4. The LORD rebuked Satan (v. 2) and the basis of the rebuke? God’s choice.
c/w ROM 9:29; EPH 1:4.
5. God took away Joshua’s filthy garments and clothed him anew.
c/w ISA 61:10; REV 19:8.
6. The accuser has no more place in heaven. REV 12:10.
a. We have instead an Advocate with the Father Who appeases wrath.
b. The elect are chosen in Christ Who died for them. “There is therefore now Zechariah 3 2-24-19 Page 1 of 2
no condemnation to them which are in Christ Jesus...” (ROM 8:1). c. “Who shall lay any thing to the charge of God’s elect? It is God that
justifieth. Who is he that condemneth? It is Christ that died, yea rather, that is risen again, who is even at the right hand of God, who also maketh intercession for us” (ROM 8:33-34).

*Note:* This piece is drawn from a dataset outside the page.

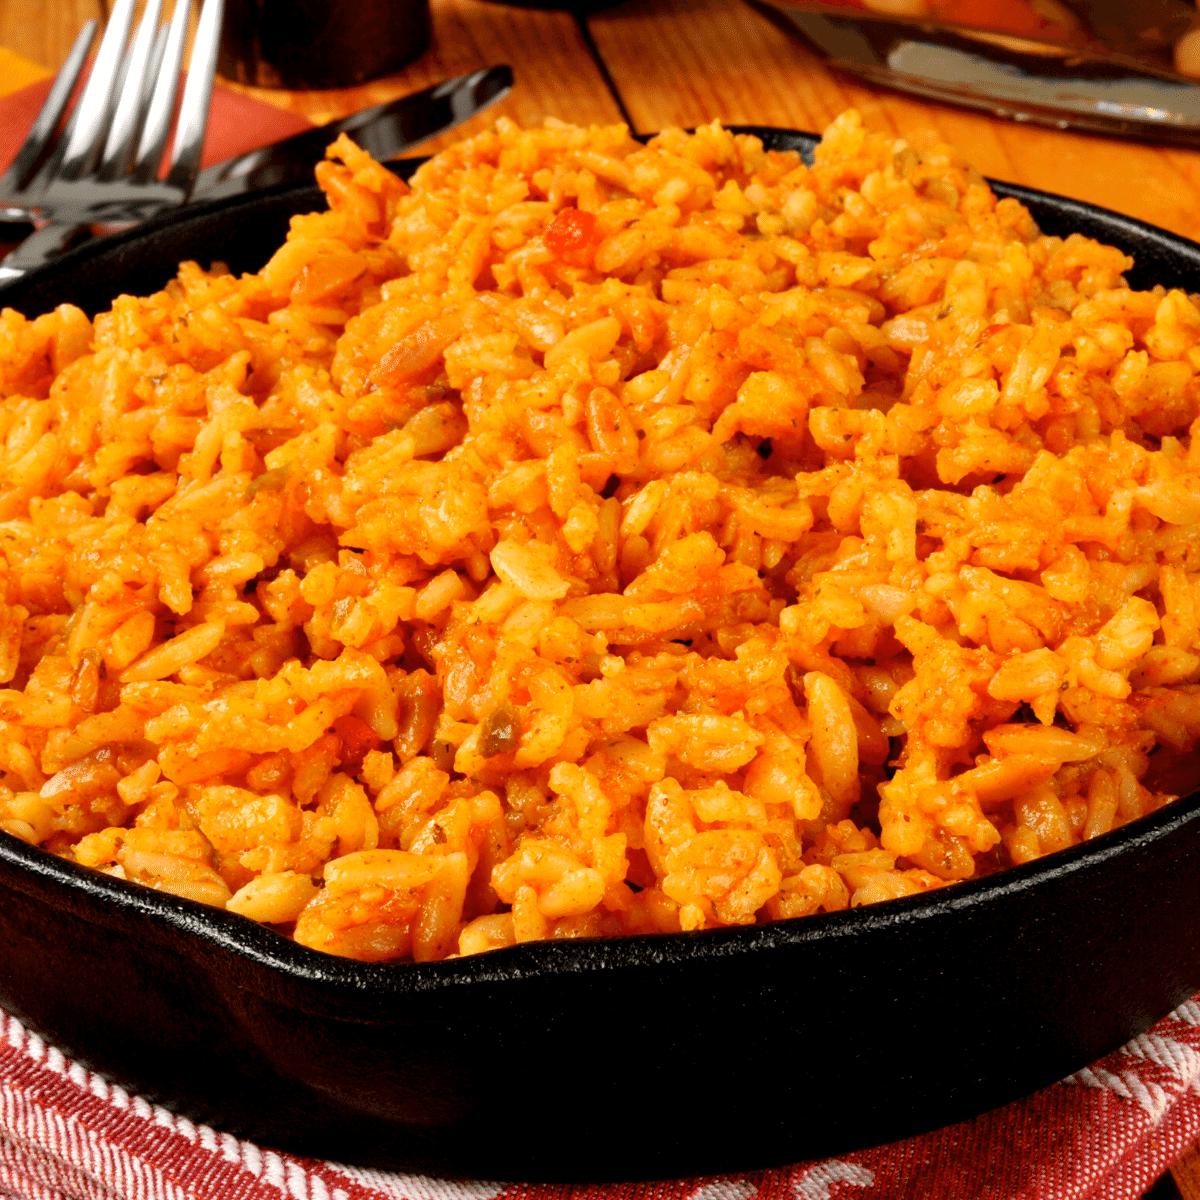 Low Carb Spanish Cauliflower rice FI

d. Satan had nothing in our Joshua to accuse (JOH 14:30), and therefore his prosecutorial accusations against the elect have no place. Their debt of sin is paid off, they are free and safe.

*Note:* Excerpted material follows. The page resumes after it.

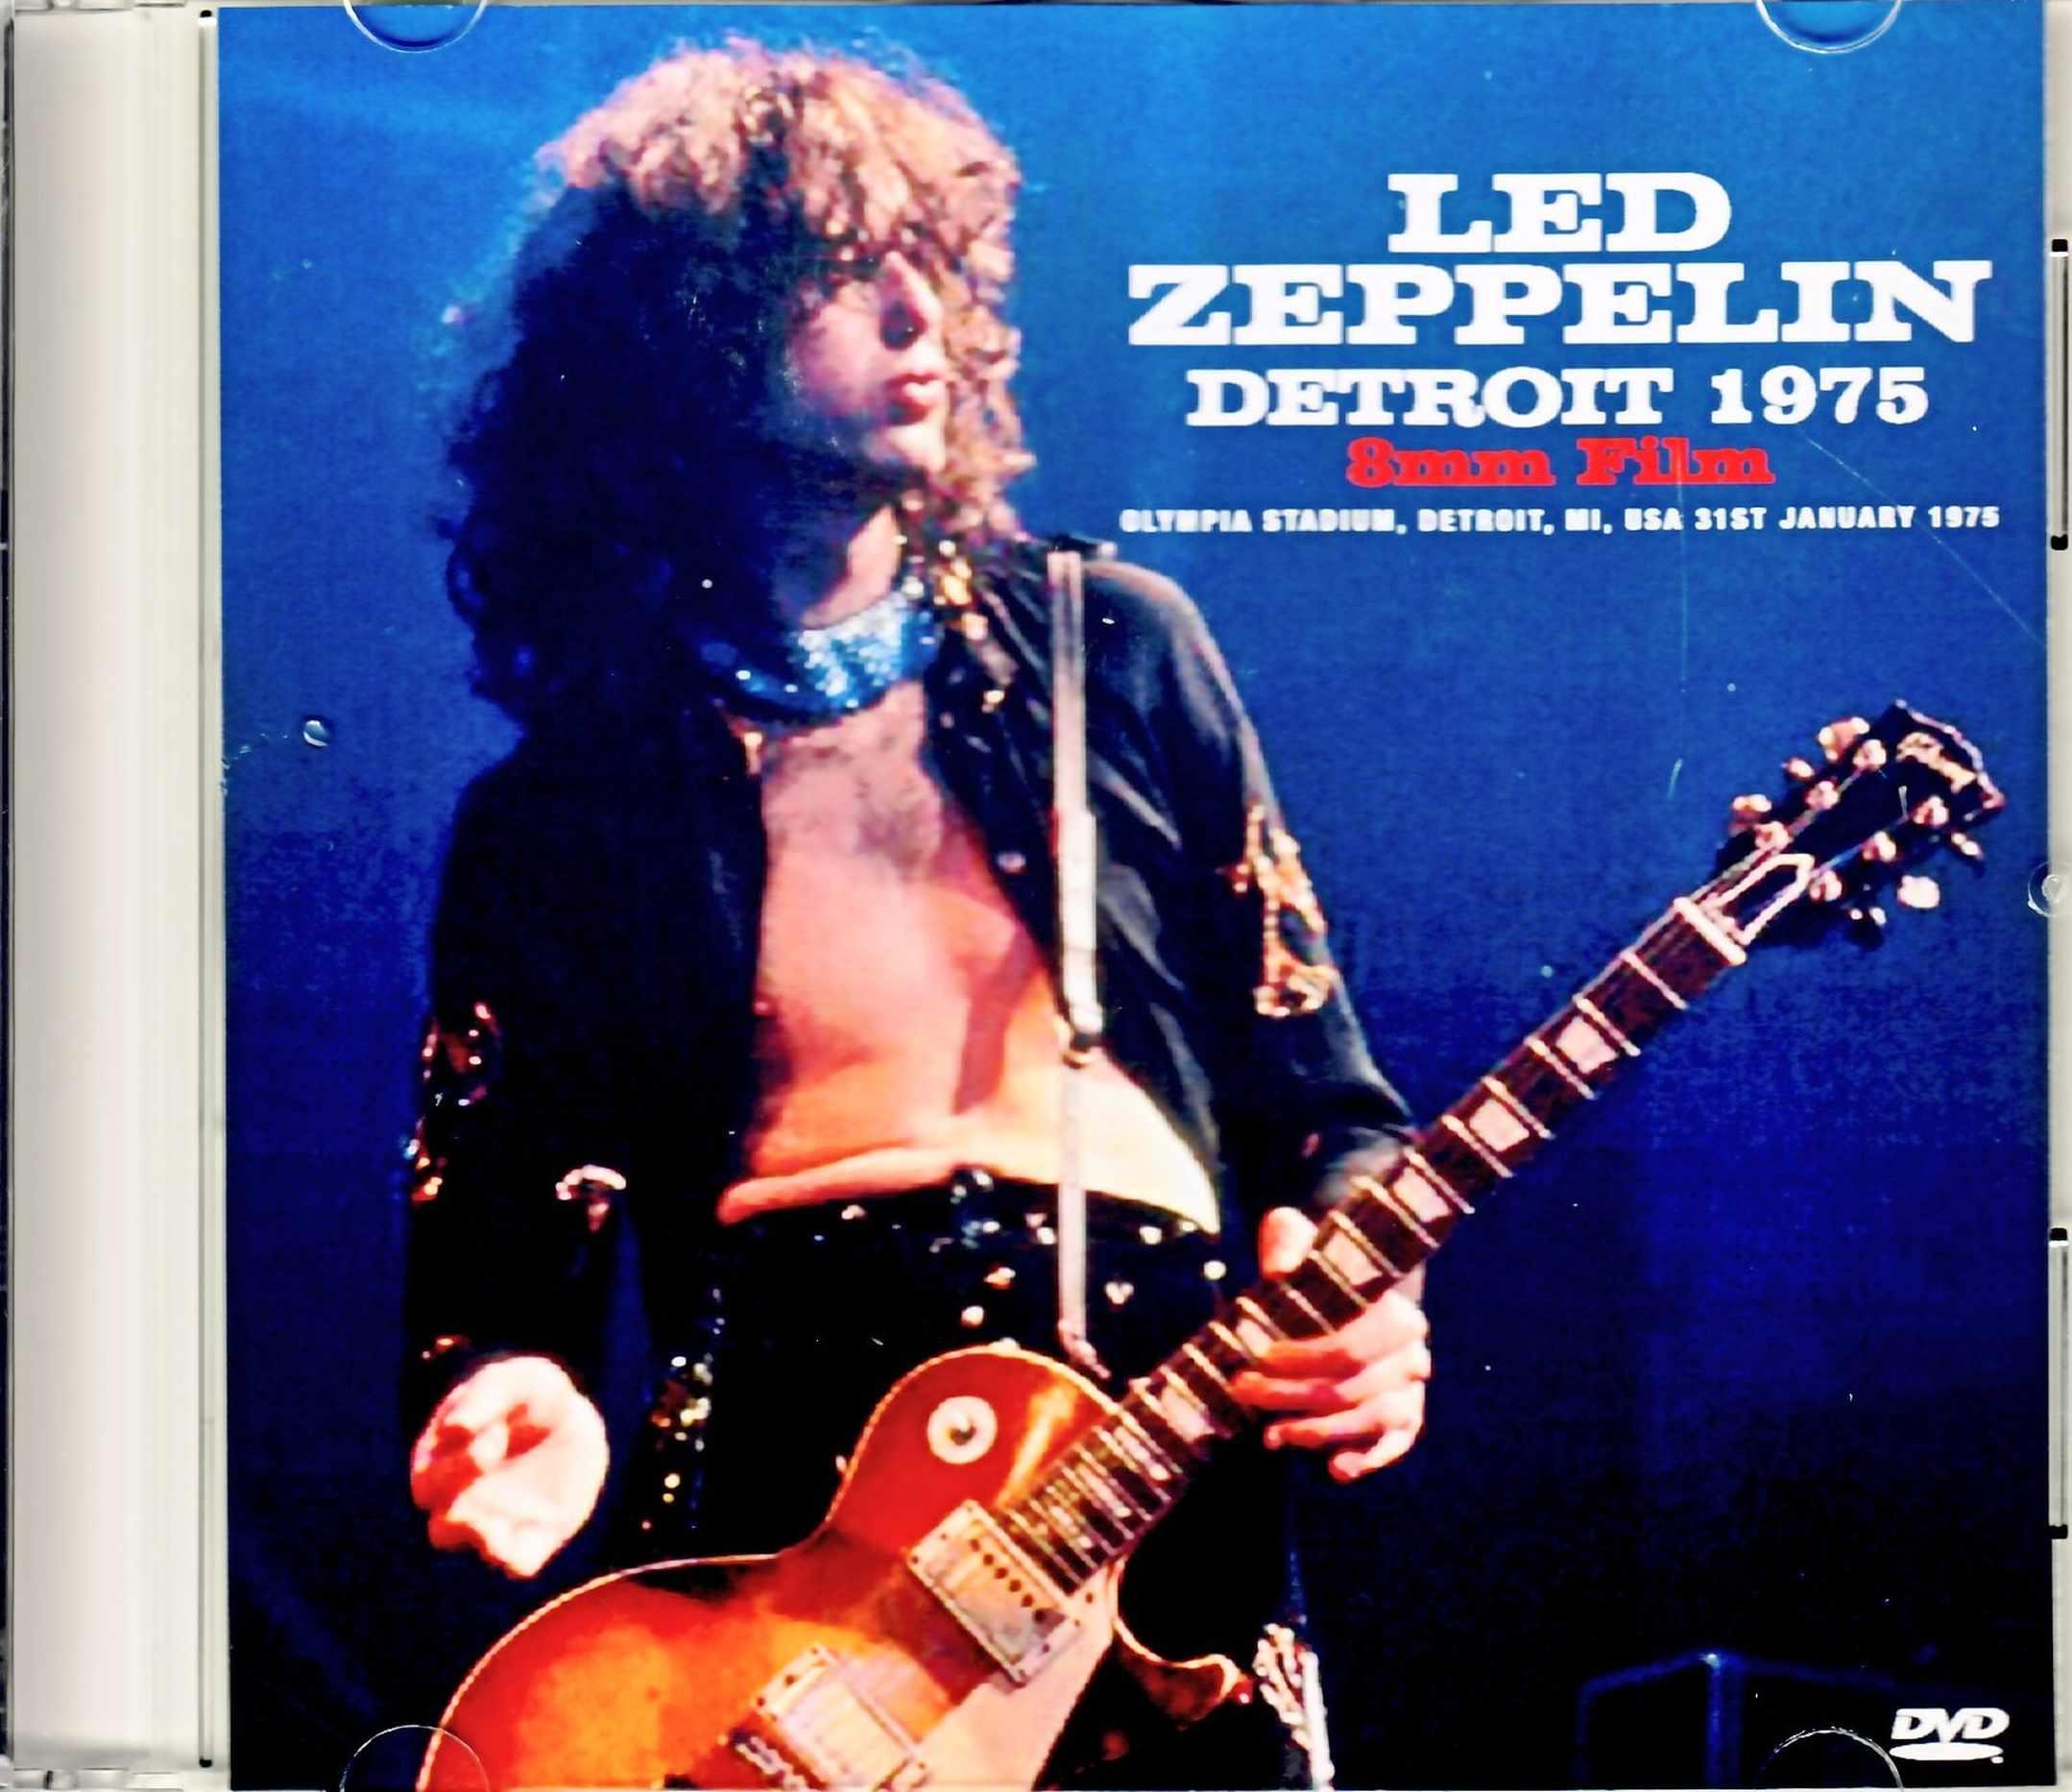 Led Zeppelin レッド・ツェッペリン/MI,USA 1975 8mm Film

e. Satan can still accuse us inwardly about our failings, but will never tell us the truth about our election to God’s everlasting mercy. “The Lord rebuke thee, Satan. God’s word tells me who I am: a redeemed sinner with eternal life.”

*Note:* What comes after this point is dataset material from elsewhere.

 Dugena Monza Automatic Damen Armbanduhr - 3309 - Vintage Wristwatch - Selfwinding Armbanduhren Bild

7. Zechariah conceded the justification of Joshua made him worthy of a crown.
v. 5 c/w ROM 8:30.
C. The angel of the Lord solemnly declared that if Joshua should be faithful, he would judge God’s house, keep His courts and be given places to walk among those that stood by.
1. Those that stood by were the heavenly host. c/w 1KI 22:19.
2. Baptized believers are priests unto God in His house (1PE 2:5) who judge His house (1CO 6:4), keep His courts (“an assembly held by the sovereign at his residence”) and walk among the heavenly throng (HEB 12:22) as long as they remain faithful.
D. In ZEC 3:8-10, Joshua and his priestly order are advised of the coming Messiah, David’s righteous BRANCH. c/w JER 23:5.
1. He is the chief cornerstone laid in Zion that eases believers. ISA 28:16; 1PE 2:6.
2. He has the fullness of Spirit (JOH 3:34) denoted by the seven eyes (REV 5:6) by
Whom all things are scrutinized and judged. HEB 4:13.
3. He is engraved, “KING OF KINGS, AND LORD OF LORDS” (REV 19:16).
4. He shall be a priest-king. ZEC 6:13 c/w HEB 7:1.
5. By Him God will take away iniquity in one day (HEB 7:26-27), a sacrifice never
having to be repeated as were the ineffectual Levitical atonements. HEB 10:11-14.
6. “In that day, saith the LORD of hosts, shall ye call every man his neighbour under
the vine and under the fig tree” (v. 10).
a. This language accords with the reign of Solomon which was one of safety
and peace. 1KI 4:24-25.
b. It also accords with the “last days” prophecy of MIC 4:4, “...and none shall
make them afraid...” c/w HEB 1:2.
c. Christ has made peace (COL 1:20) that believers might have peace
(JOH 16:33), dwelling safely in Him (MAR 16:16) from Satan’s deceits
and false accusations, living without fear. HEB 2:14-15; 13:5-6.
d. What great atonement and deliverance Christ has wrought for us who
deserve it not nor could ever earn it!